Static (Offline) Inference
Explore the options below.
In offline inference, we make predictions on a big batch of data all at
once.
We then put those predictions in a look-up table for later use.
Which of the following are true of offline inference?
We must create predictions for all possible inputs.
Yes, we will have to make predictions for all possible inputs and
store them into a cache or lookup table to use offline inference.
This is one of the drawbacks of offline inference. We will only
be able to serve a prediction for those examples that we already
know about. This is fine if the set of things that we're predicting
is limited, like all world cities or all items in a database table.
But for freeform inputs like user queries that have a long tail of
unusual or rare items, we would not be able to provide full coverage
with an offline-inference system.
After generating the predictions, we can verify them before applying
them.
This is indeed one useful thing about offline inference.
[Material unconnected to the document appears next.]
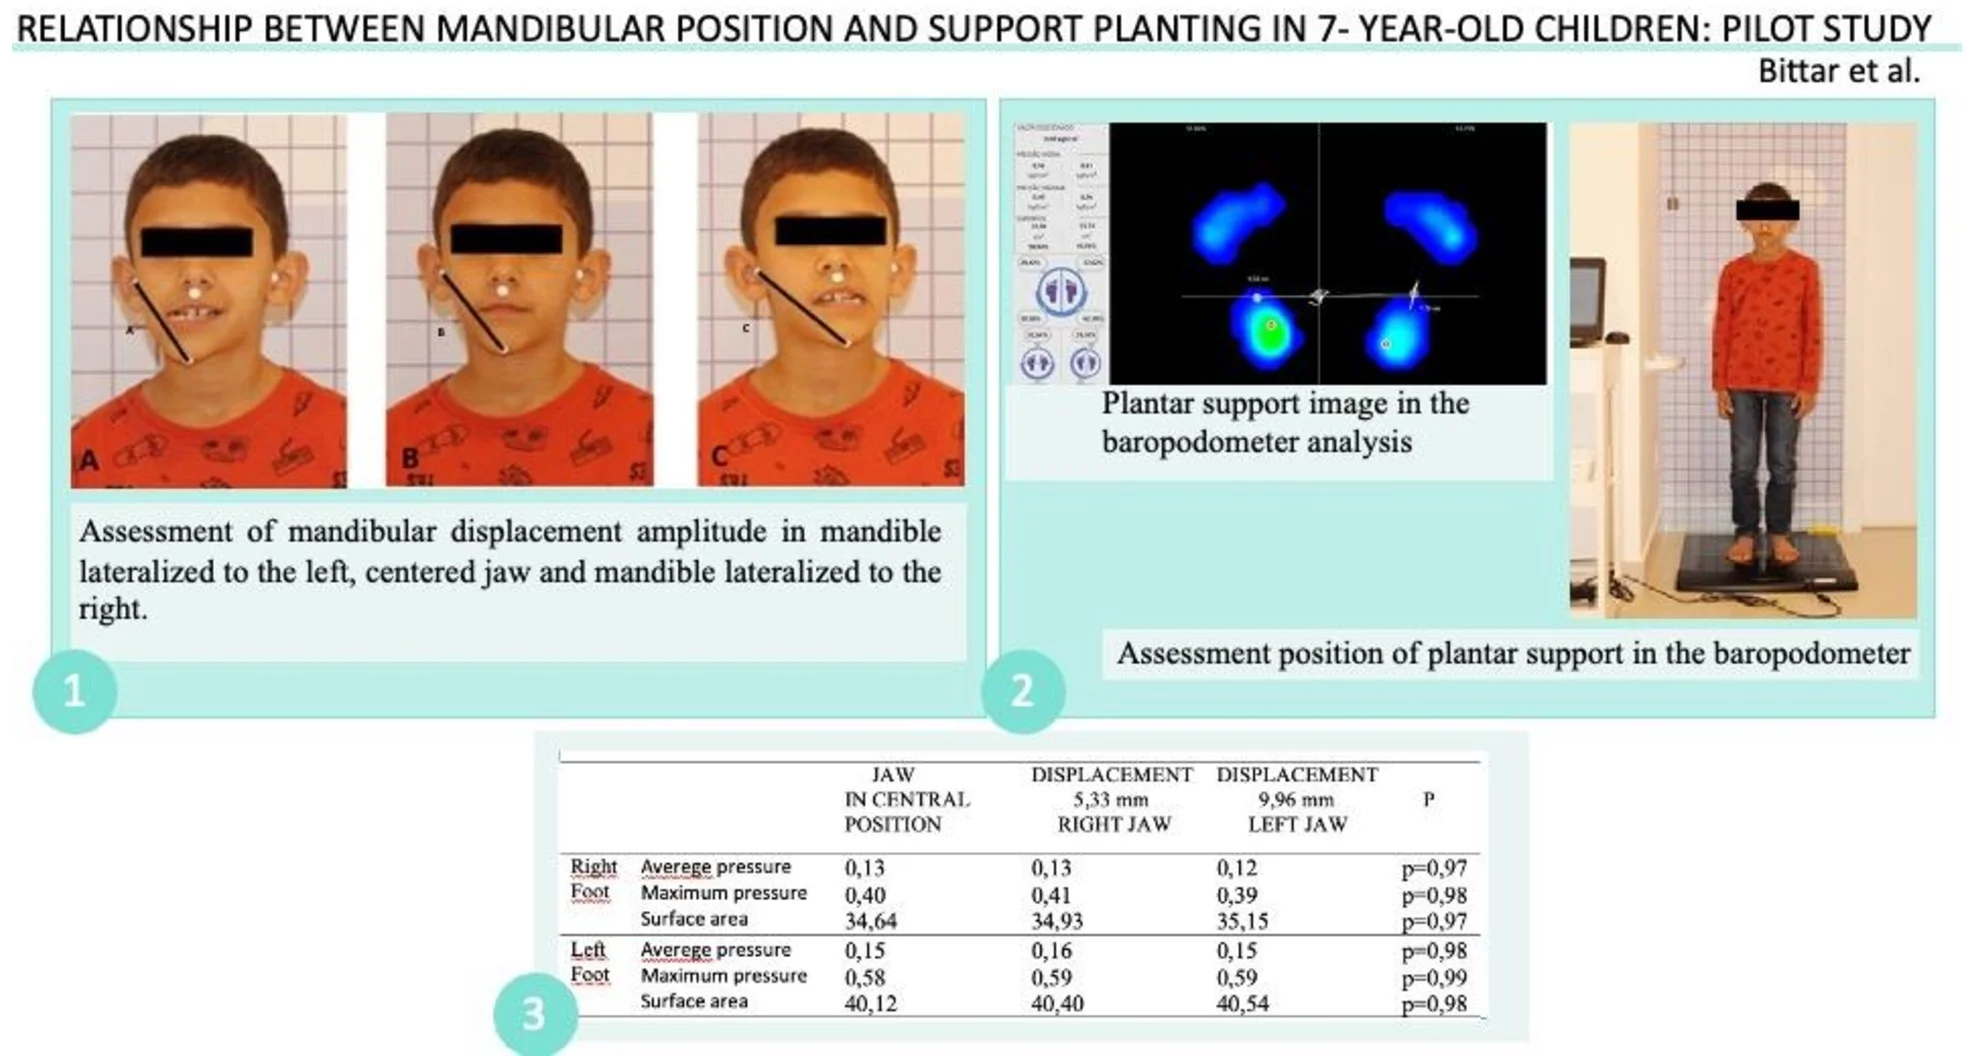 Relationship between mandibular position and support planting in 7-year-old children: pilot study

We can
sanity check and verify all of our predictions before they are
used.
For a given input, we can serve a prediction more quickly than with
online inference.
One of the great things about offline inference is that once
the predictions have been written to some look-up table, they
can be served with minimal latency. No feature computation or model
inference needs to be done at request time.
We will need to carefully monitor our input signals over a long
period of time.
This is the one case where we don't actually need to monitor input
signals over a long period of time. This is because once the
predictions have been written to a look-up table, we're no longer
dependent on the input features. Note that any subsequent update
of the model will require a new round of input verification.
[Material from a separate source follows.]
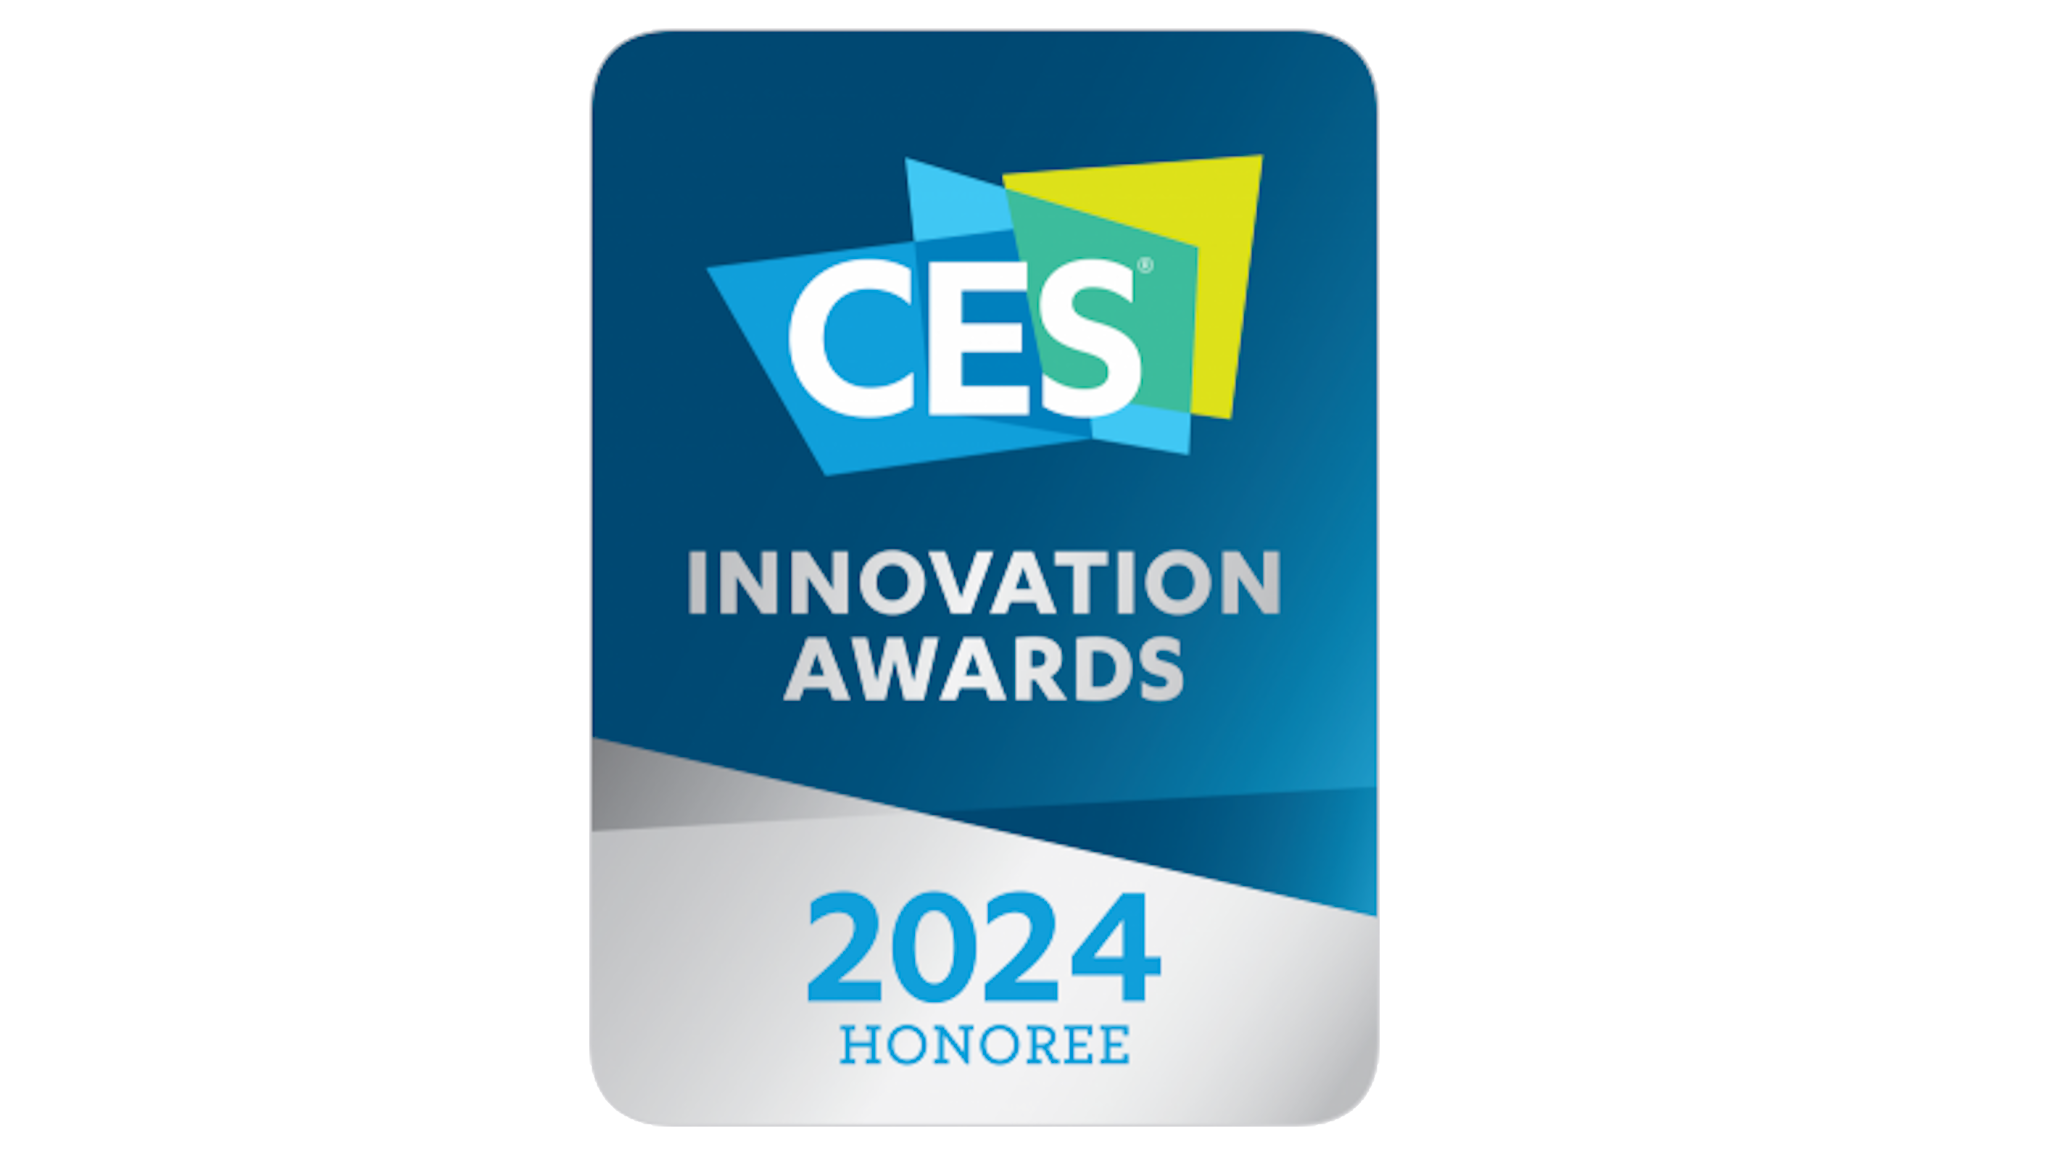 Aurora Labs has been named a CES® 2024 Innovation Awards honoree

We will be able to react quickly to changes in the world.
No, this is a drawback of offline inference. We'll need to wait
until a new set of predictions have been written to the look-up
table before we can respond differently based on any changes in the
world.
Dynamic (Online) Inference
Explore the options below.
Dynamic (online) inference means making predictions on demand. That is,
in online inference, we put the trained model on a server and issue
inference requests as needed. Which of the following are true of
dynamic inference?
You can provide predictions for all possible items.
Yes, this is a strength of online inference. Any request that
comes in will be given a score. Online inference handles long-tail
distributions (those with many rare items), like the space of all
possible sentences written in movie reviews.
You can do post-verification of predictions before they
are used.
In general, it's not possible to do a post-verification of all
predictions before they get used because predictions are being
made on demand. You can, however, potentially monitor
aggregate prediction qualities to provide some level of
sanity checking, but these will signal fire alarms only after
the fire has already spread.
You must carefully monitor input signals.
Yes. Signals could change suddenly due to upstream issues,
harming our predictions.
When performing online inference, you do not need to worry
about prediction latency (the lag time for returning predictions)
as much as when performing offline inference.
Prediction latency is often a real concern in online inference.
Unfortunately, you can't necessarily fix prediction latency issues
by adding more inference servers.